By design, a long wire receives much less QRM than a vertical : a 20m long wire tight 4m high only in Belgium is able to pick up the signal from stations transmitting from Senegal, U.S.A, Canada, Island, Israel, Oman, India, Thailand, Japan, etc. However the receiving conditions using a too short long wire (< 20m long) are lesser to the ones of a dipole 31m long placed 25% higher.

If you want a better receiving using a long wire, as explained in the page devoted to basics of antennas, the best results are recorded tightening the wire at a height close to 1.0l in order to preserve the radiation pattern (in lowering the takeoff angle). Of course any antenna should be associated to a quality transceiver, mainly the receive module if you want to extract signals out of the noise and QRM.

At last, a long wire can be a "gold ear" if you extend its length to 1 or 2l and place it at low height (3-4m high). It becomes a Beverage, named after the amateur Harold Beverage, W2BML, who invented this design in 1919.

Azimuthal radiation patterns of a Beverage 2l long tight 3.5m high.

Due to its conditions of use, the Beverage is not a transmission antenna but rather a directional wire antenna for listening purposes, usually used on low bands, where its length can exceed 300m (for the 160m band). 

If the end is terminated with a 500-ohm non-inductive resistance, the signal does not reflect back to the receiver, and the antenna becomes as directive as a true Yagi, with a rear lobe more than 20 dB down from the front lobe. Placed 3.5m high, in these conditions a 2l Beverage used on 1.83 MHz (thus 320m long) shows a maximum gain of 8.52 dBi in the horizontal plane and up to 6.57 dBi in the vertical plane at about 20° of elevation. Compared to a Yagi this solution becomes very competitive. Its only drawback is to not be rotative.

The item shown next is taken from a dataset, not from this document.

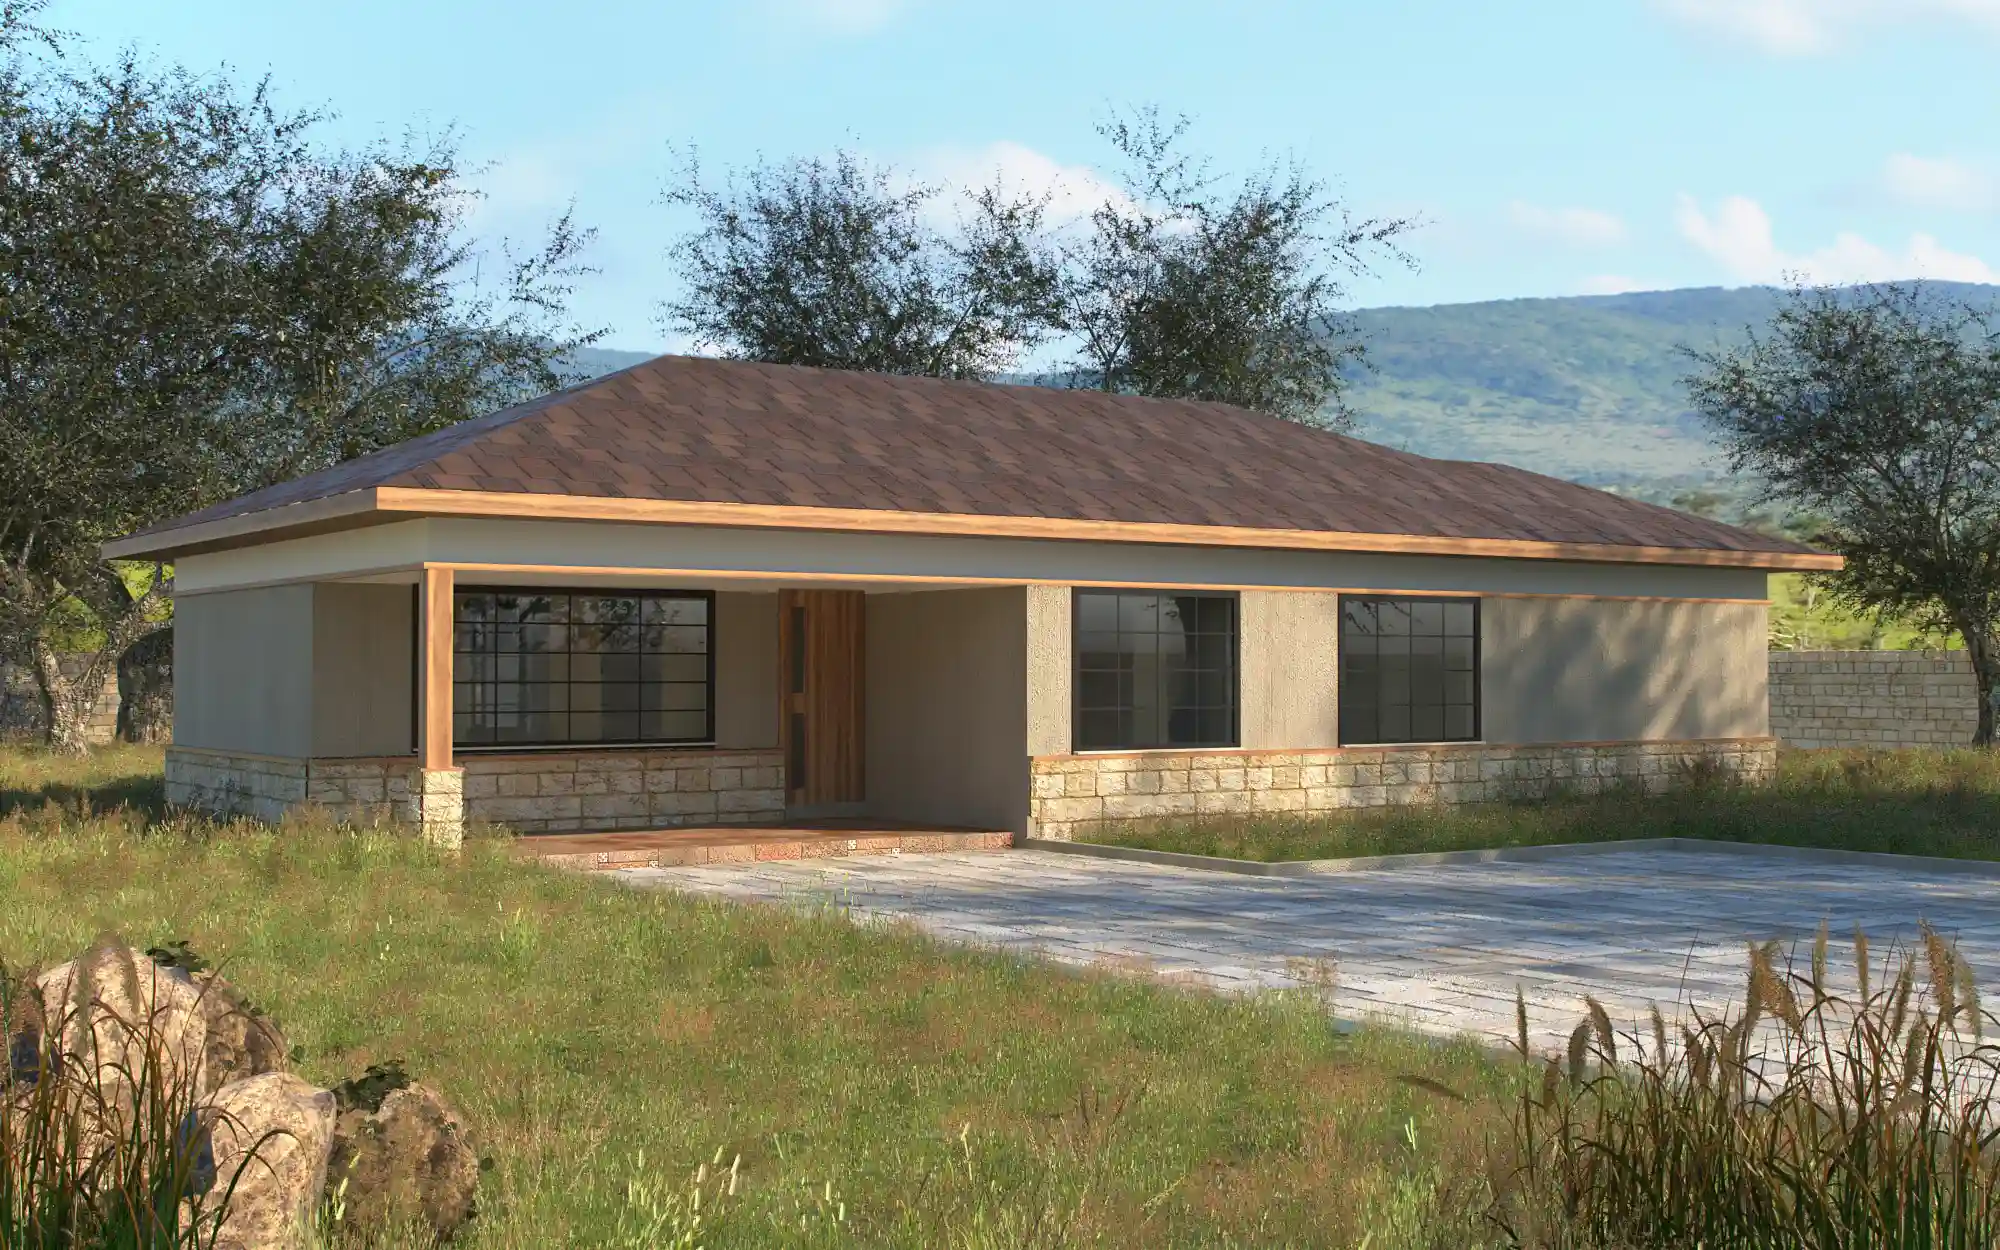 4 Bedroom Bungalow -ID 4121 - 4 BED BNGL TP2 OP1 FRONT.jpg from Inuua Tujenge house plans with 4 bedrooms and 2 bathrooms. ( bungalow )

I personally use such a configuration also on 20 to 10m bands when the receiving conditions are degraded and when the QRN for example become severe. In this case it seems to be more sensitive to weak signals than a dipole or a Yagi. This improved sensitivity has been confirmed by the ARRL technical staff too.

However, as very few amateurs have large fields in their property, another alternative is to build an horizontal loop of this size (25m on each side) or simpler, to set up an full or half-length dipole like the G5RV (see next page) which performance is really appreciated even for DXing when it is placed at good height.

Quality of the installation

Once your wire antenna installed do not forget to test the stability and resistance of your mast as well as wire fixings by ensuring a strong pressure on them. If you attached your long wire or your dipole on top of a guy-wired pole, under gusty wind but not critical conditions (say wind gusts of about 50 km/h), the top shoudn't swing over 5° around its axis or it will bend for ever or even break ! If the top of your antenna swings much more (say over 10-15° around the axe) reinforce your installation and improve the way that your pole is attached (adding guy wires, placing the guy colar closer to the top, placing the guy anchor at a greater distance from the antenna, etc).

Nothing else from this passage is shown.